The turnover rate for state transportation engineers is high in the state—57 percent for the “transportation engineer 1” classification and 40 percent for “transportation engineer 2.”

Transportation officials say that engineers often quit their state jobs soon after they’ve received training, moving on to become private consultants and contractors. In turn, the drain has pushed the state to shift some of the workload to the private industry.

About 70 percent of the state’s design work was performed by outside consultants in 2014, compared to about 30 percent in 2000, according to the Transportation Cabinet. Also in 2014, the cabinet paid $150 million in professional engineering services compared to 2004, when it paid a little over $101 million.

Carol Beth Martin, the Transportation Cabinet’s human resources director, said she’s heard anecdotes of engineers deciding to stay as a result of the raise.

During a committee meeting Tuesday, State Sen. Whitney Westerfield, a Hopkinsville Republican and candidate for attorney general, questioned why transportation engineers were singled out for the raise.

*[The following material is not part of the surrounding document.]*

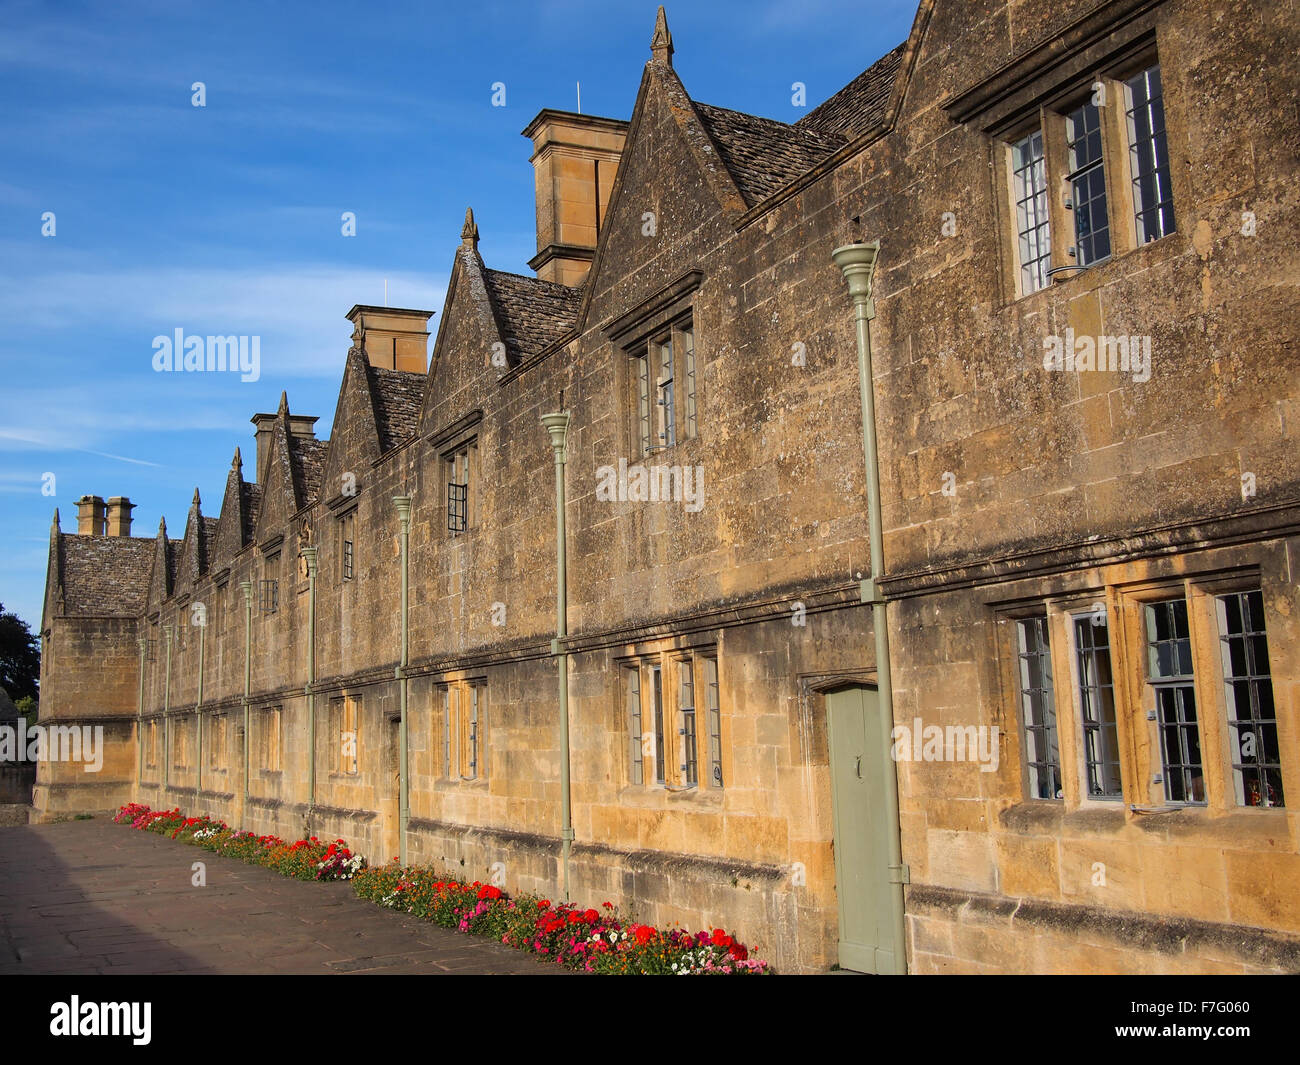 The Almshouses built out of Cotswold stone with stone tiles on the roof, called slates, built in 1612 in Chipping Campden, UK. Stock Photo
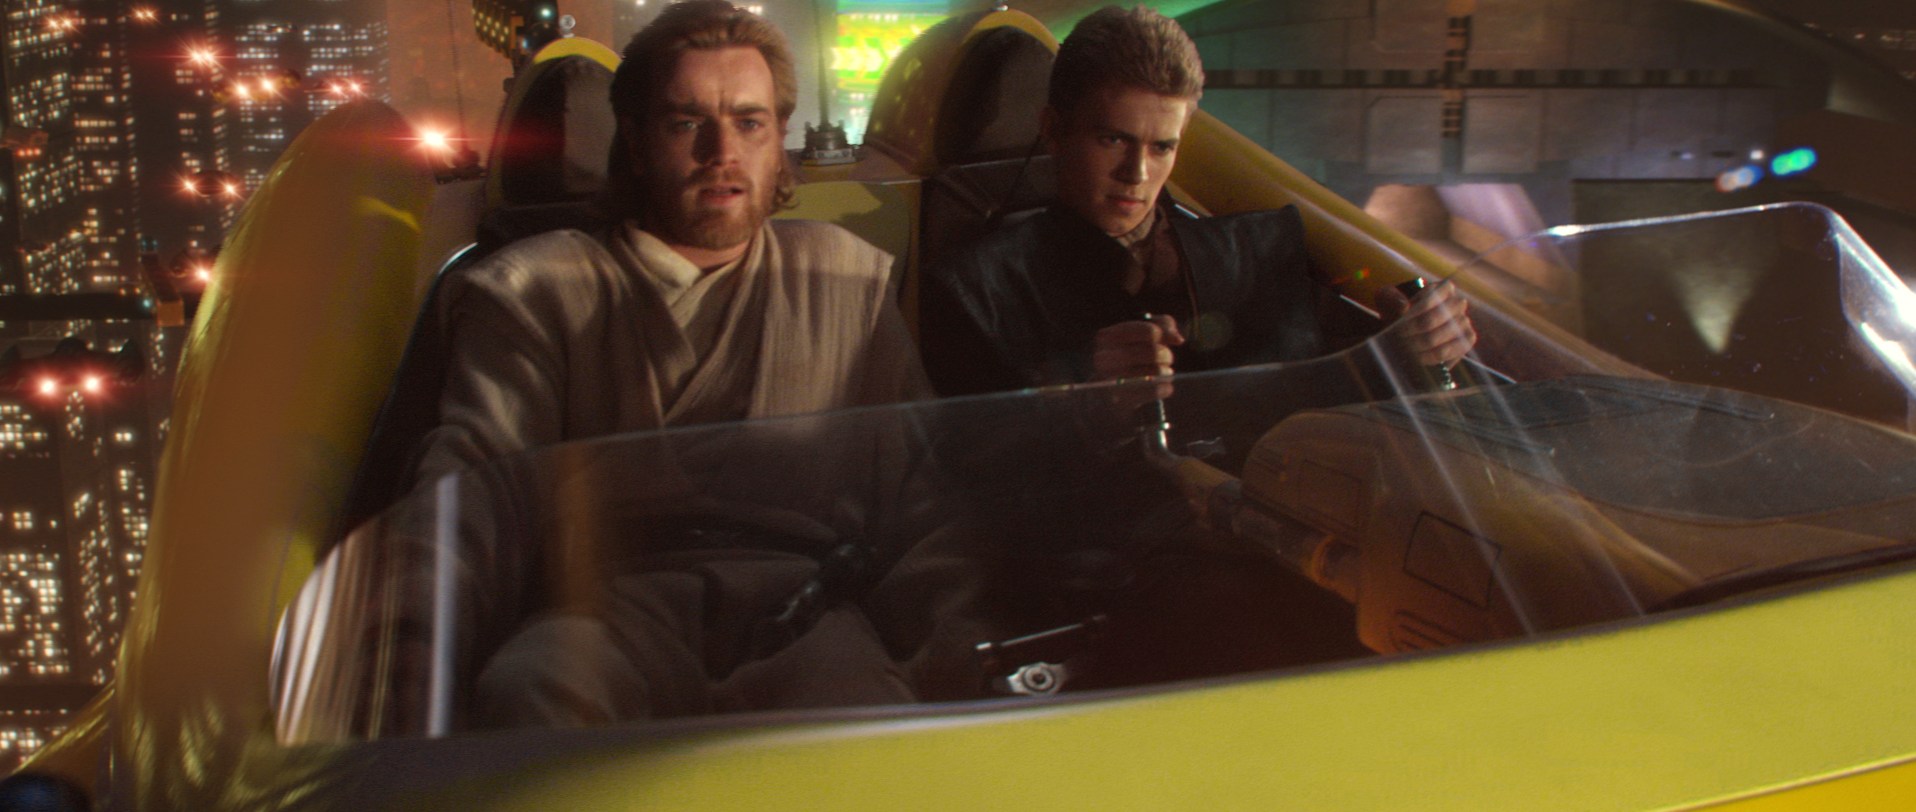 An Honest Look at "Star Wars: Episode II - Attack of the Clones"

“That’s one of a handful of jobs I can name off of the top of my head right now, positions in state government that aren’t competitive salary for salary with the private sector,” Westerfield said, listing corrections workers, social workers, prosecutors and public defenders as examples.

“I guess I’m just curious how did we decide who gets the raise first?”

The Kentucky transportation cabinet pays a civil engineer about $60,950 per year, well below regional averages of $92,500 in the south central region and $94,400 in the Midwest.